3. Passion to learn and patience to read.
Let's start,
What do you mean by NLP or Natural Language Processing ?"Natural language processing is a field of computer science, artificial intelligence, and linguistics concerned with the interactions between computers and human languages. As such, NLP is related to the area of human–computer interaction."----- Taken from wikipedia
What is meant by Text Corpus ?"
In linguistics, a corpus (plural corpora) or text corpus is a large and structured set of texts (nowadays usually electronically stored and processed). They are used to do statistical analysis and hypothesis testing, checking occurrences or validating linguistic rules within a specific language territory.
A corpus may contain texts in a single language (monolingual corpus) or text data in multiple languages (multilingual corpus). Multilingual corpora that have been specially formatted for side-by-side comparison are called aligned parallel corpora."

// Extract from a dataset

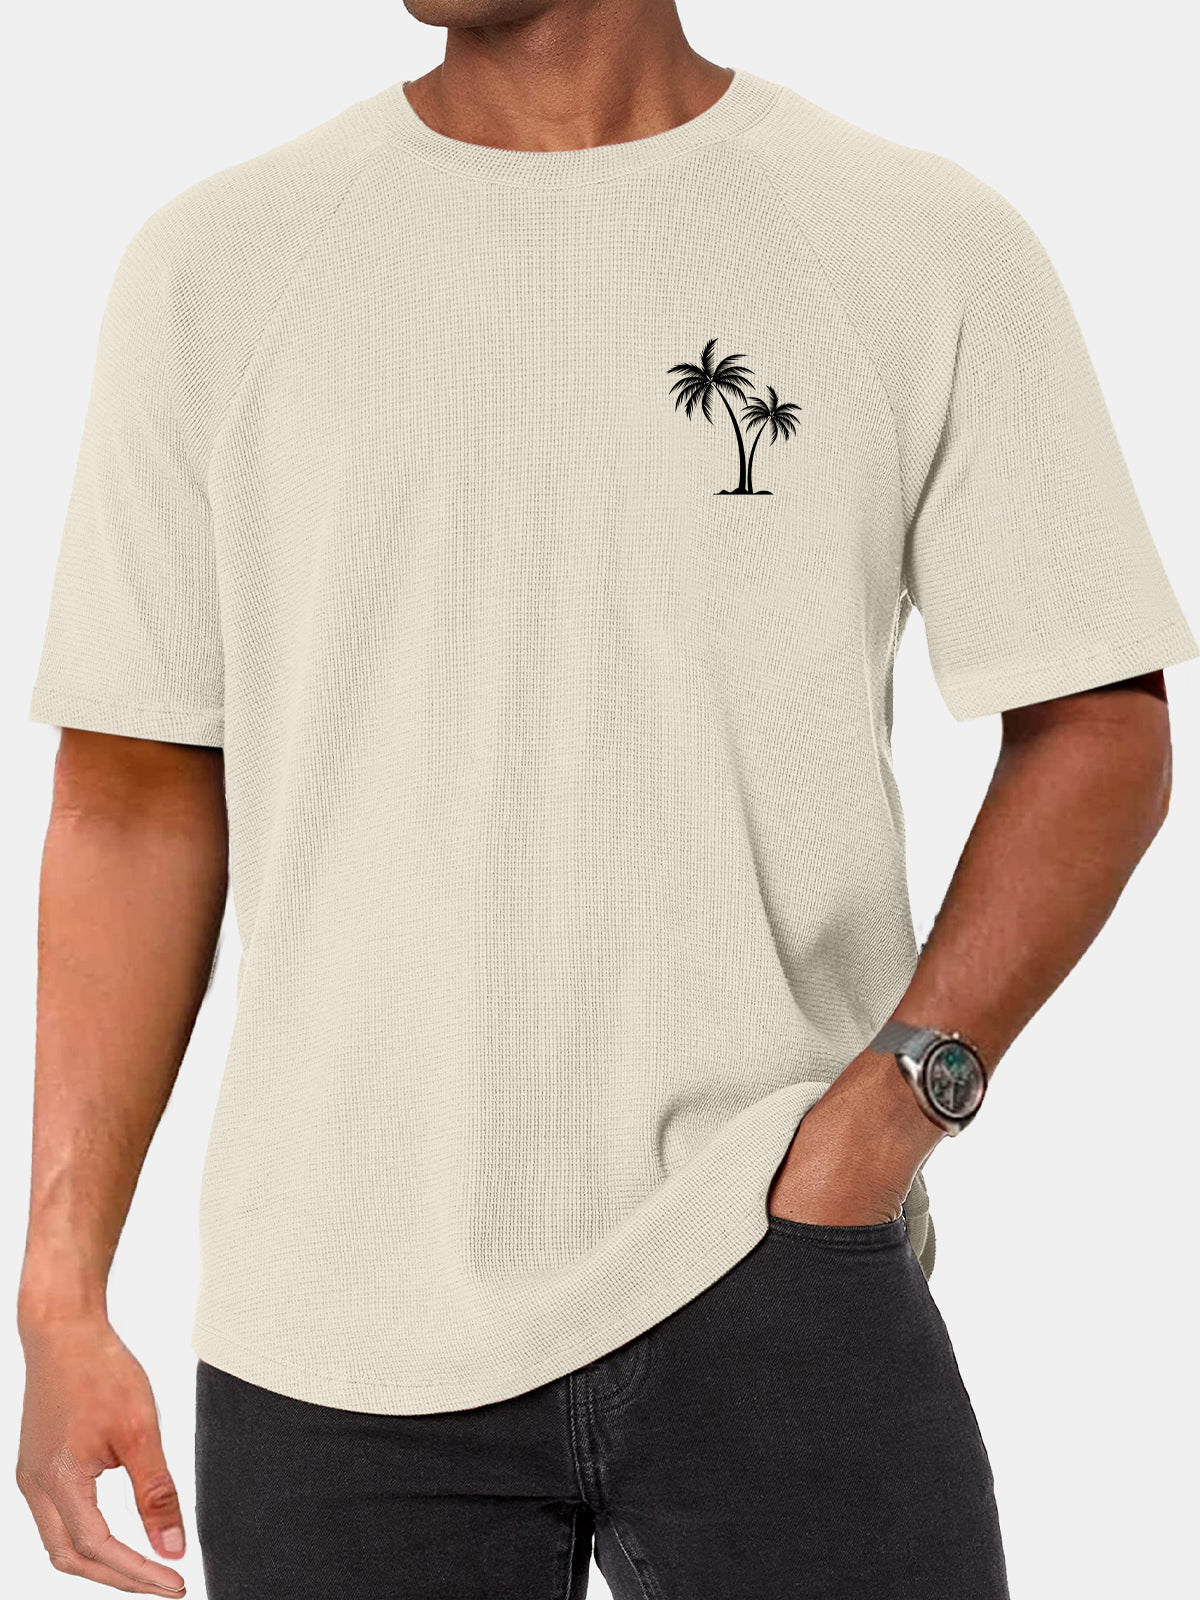 Men's Simple Hawaiian Coconut Print Waffle Raglan Short Sleeve T-shirt

----- Taken from wikipedia
So, in order to get all the information or articles about fruits. I need to have the list of all fruits. Wikipedia does have a page where it lists out all the fruits :-
So, my first task is to extract the list of all fruits. But if you look carefully all the fruits pages links starts with a common base url and then '/Wiki/<fruit-name>' concatenated. The structure is like this :-
We define a variable with base url as :-
Example :-
base_url = "https://simple.wikipedia.org"

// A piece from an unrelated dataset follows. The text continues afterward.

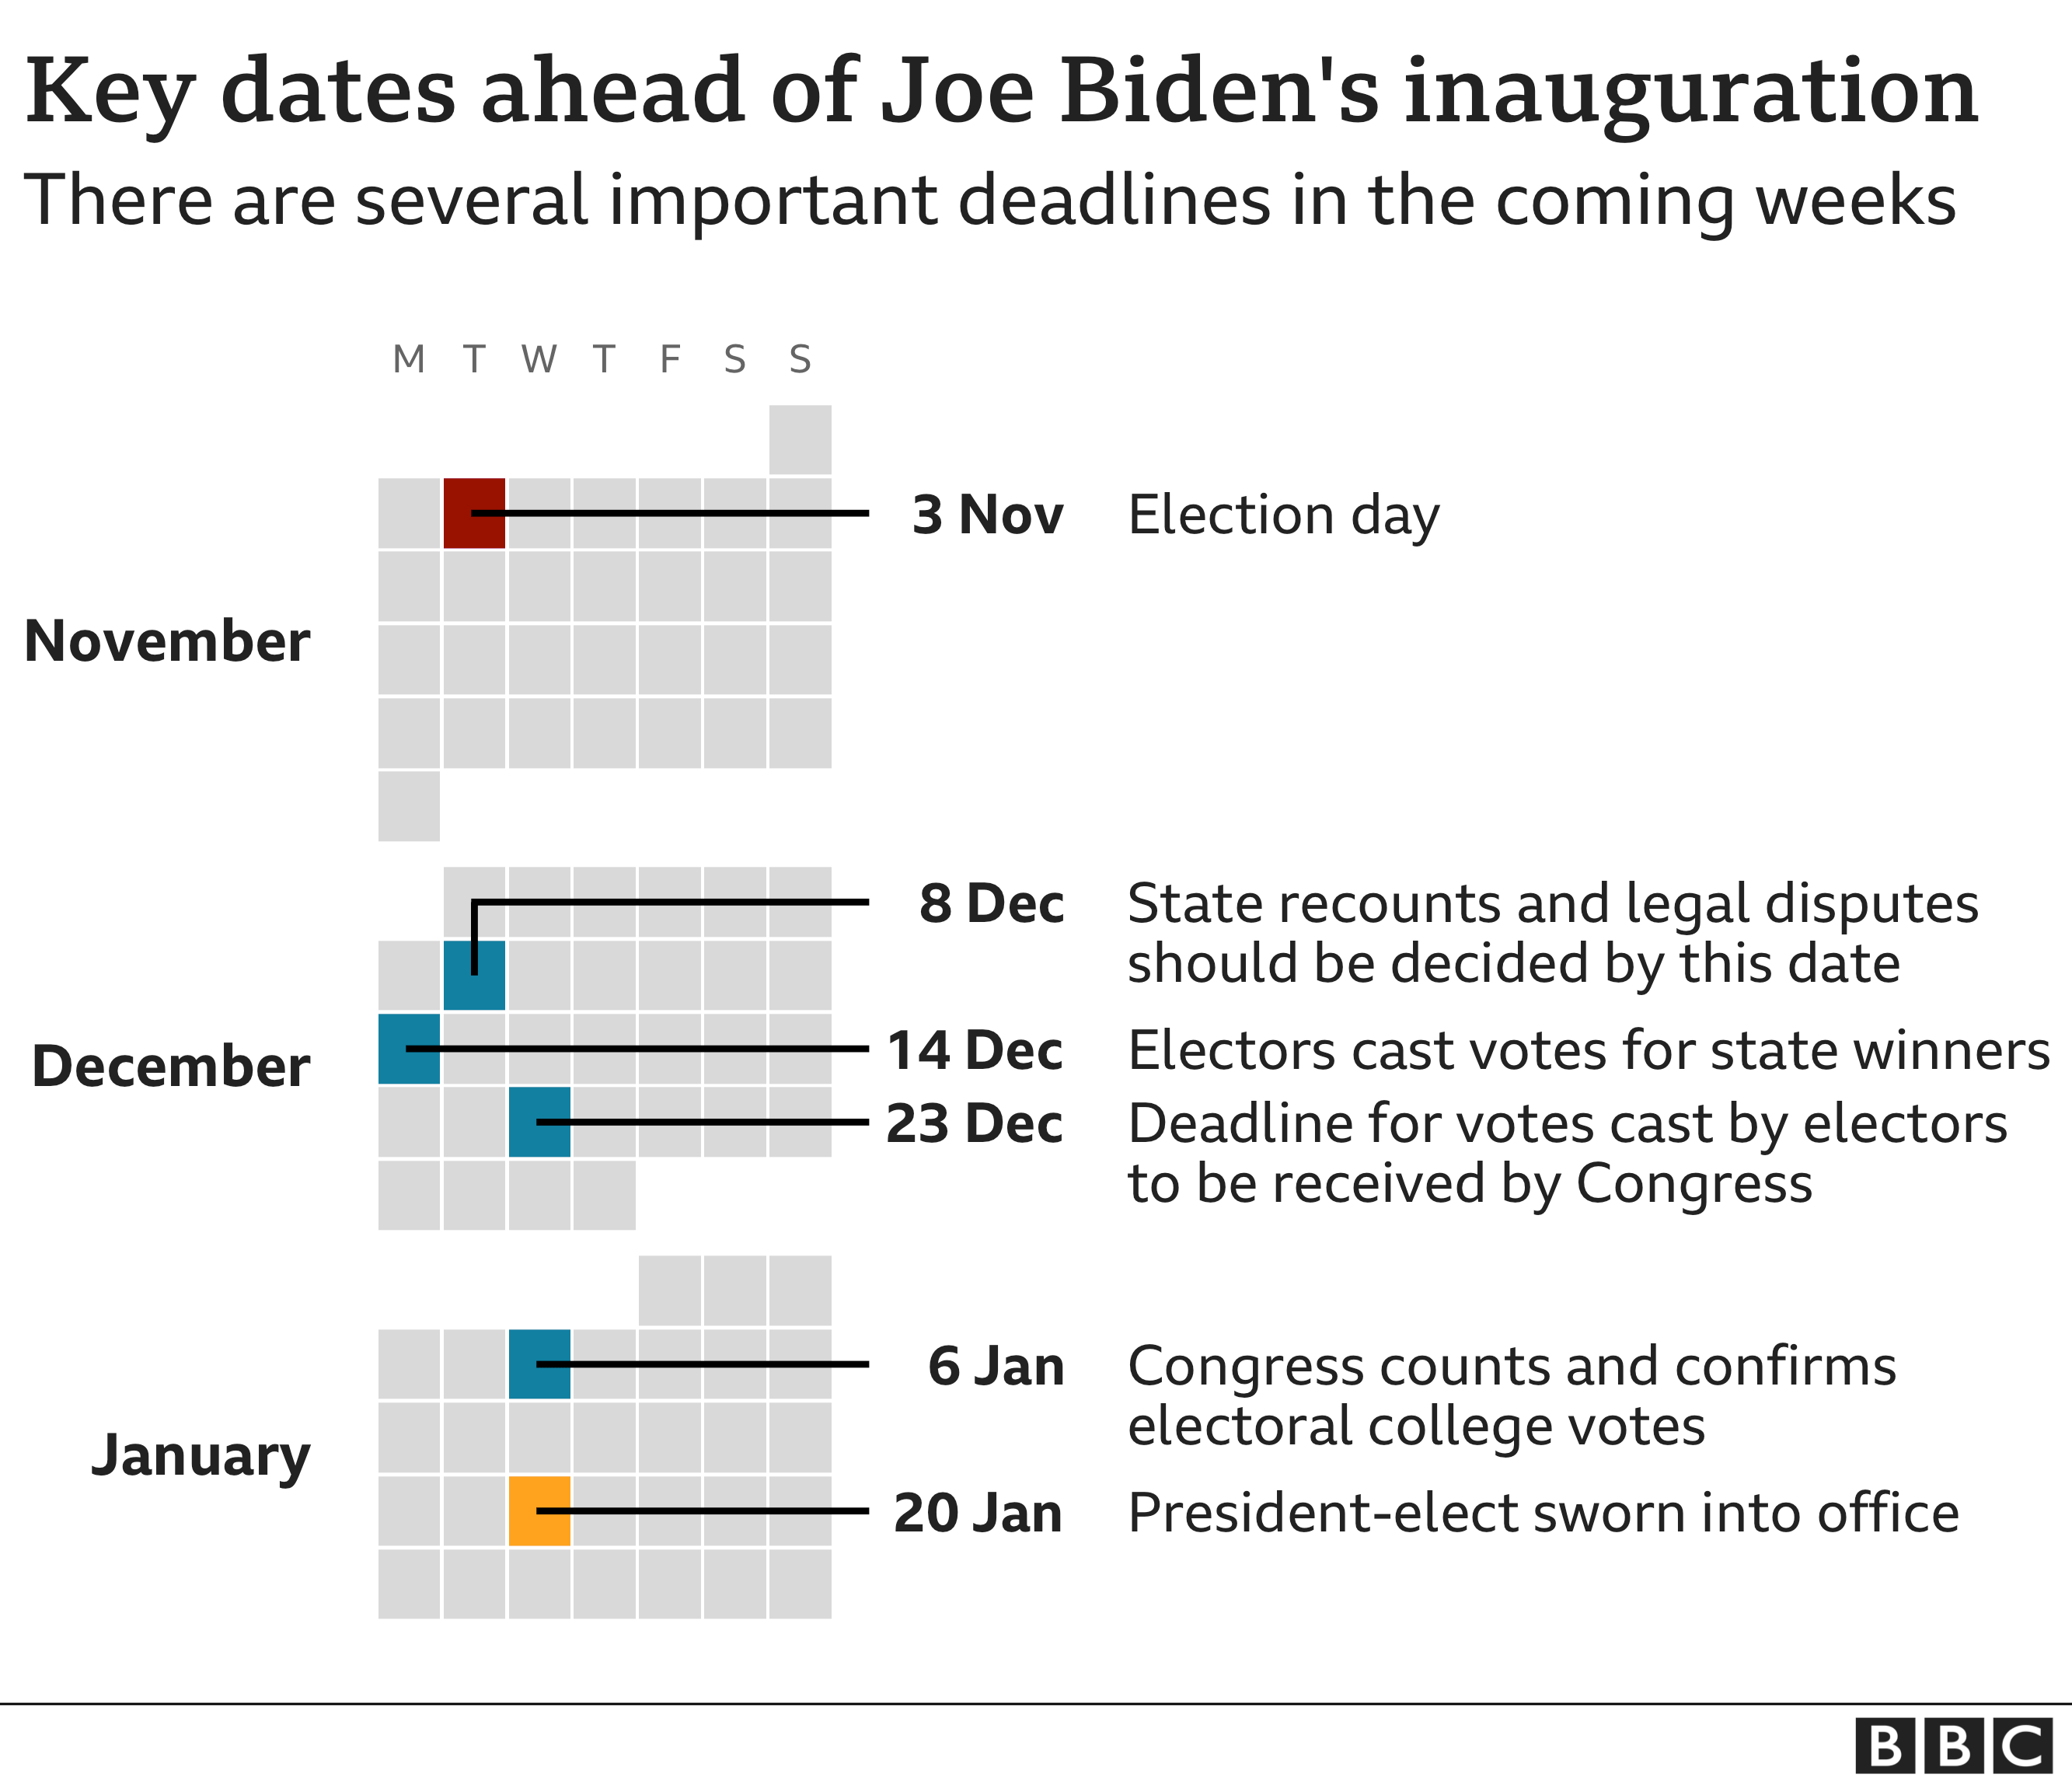 Klíčové termíny před Joe Biden úřadu

Therefore we have the URL Structure as :-
base_url/wiki/<Fruit_name>If you see carefully then you can see that only the fruits links start with /wiki/ and all other links have different structure.
We use BeautifulSoup for html parsing.
Here's the code that returns the list of all the fruits in the about mentioned url structure but without the base_url.

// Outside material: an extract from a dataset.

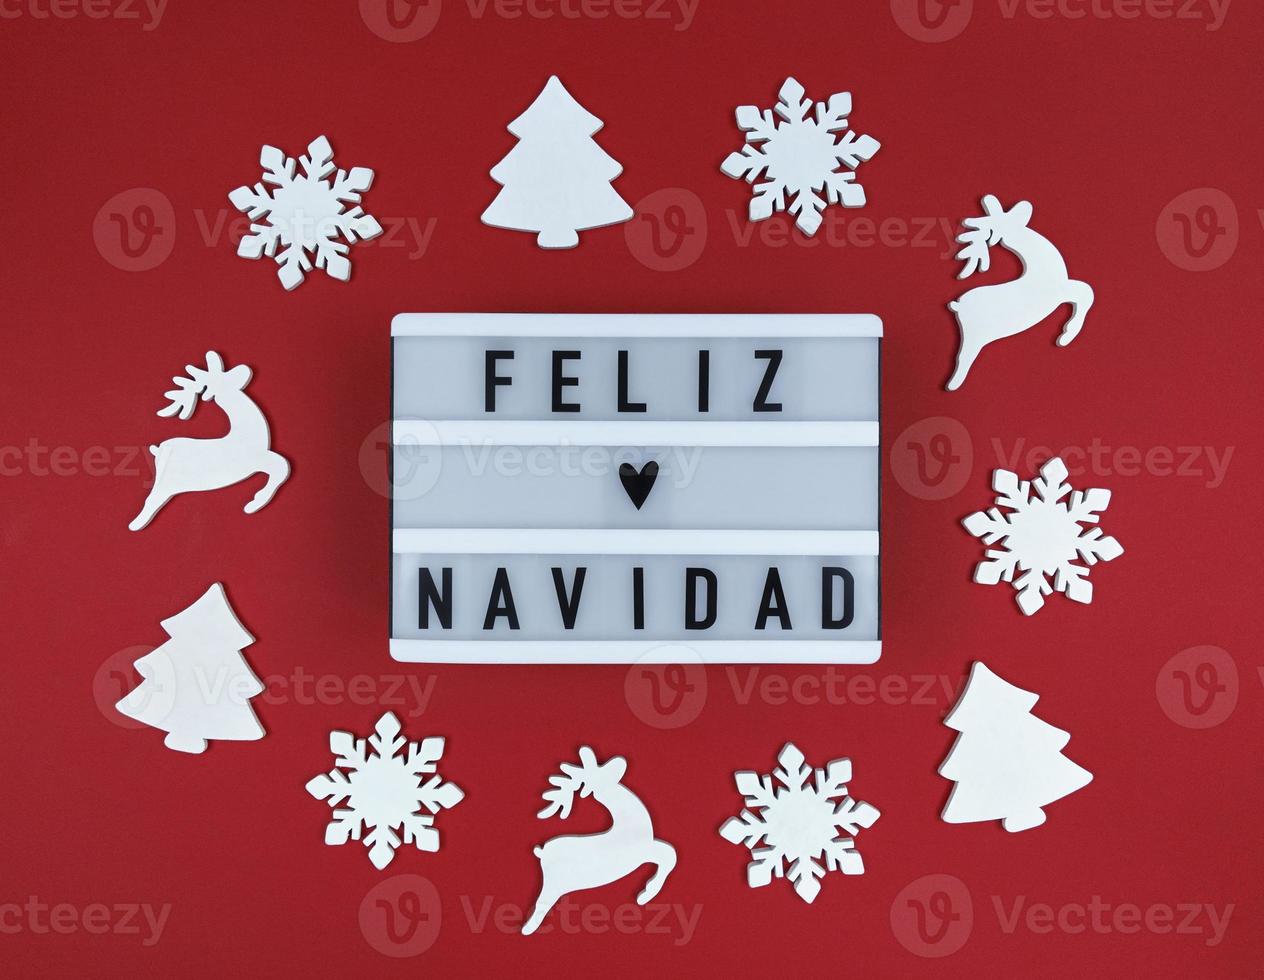 caisson lumineux avec phrase feliz navidad, joyeux noël espagnol sur fond rouge avec des jouets en bois. photo

We store the fruit list url in a seperate variable just to make it more readable.
self.__list_of_fruit_url = "https://simple.wikipedia.org/wiki/List_of_fruits"
def get_fruit_list_links(self):
fruit_list_links = []
req = Request(self.__list_of_fruit_url, headers=self.__headers)
page = urlopen(req)
soup = BeautifulSoup(page)
scrap_links = soup.findAll("a")
for link in scrap_links:
tmp = link.get("href")
if str(tmp).startswith("/wiki/"):
fruit_list_links.append(self.__remove_non_ascii(tmp))
return fruit_list_links[2:87]
This function is to remove any non-ASCII characters that maybe present due to Unicode.
@staticmethod
def __remove_non_ascii(text):
return "".join([i if ord(i) < 128 else "" for i in text])
What is happening above ?First, we set headers so that our crawler is not identified as a bot (even without the headers it will for for wikipedia but I consider it a good practice) and then the html data is being read.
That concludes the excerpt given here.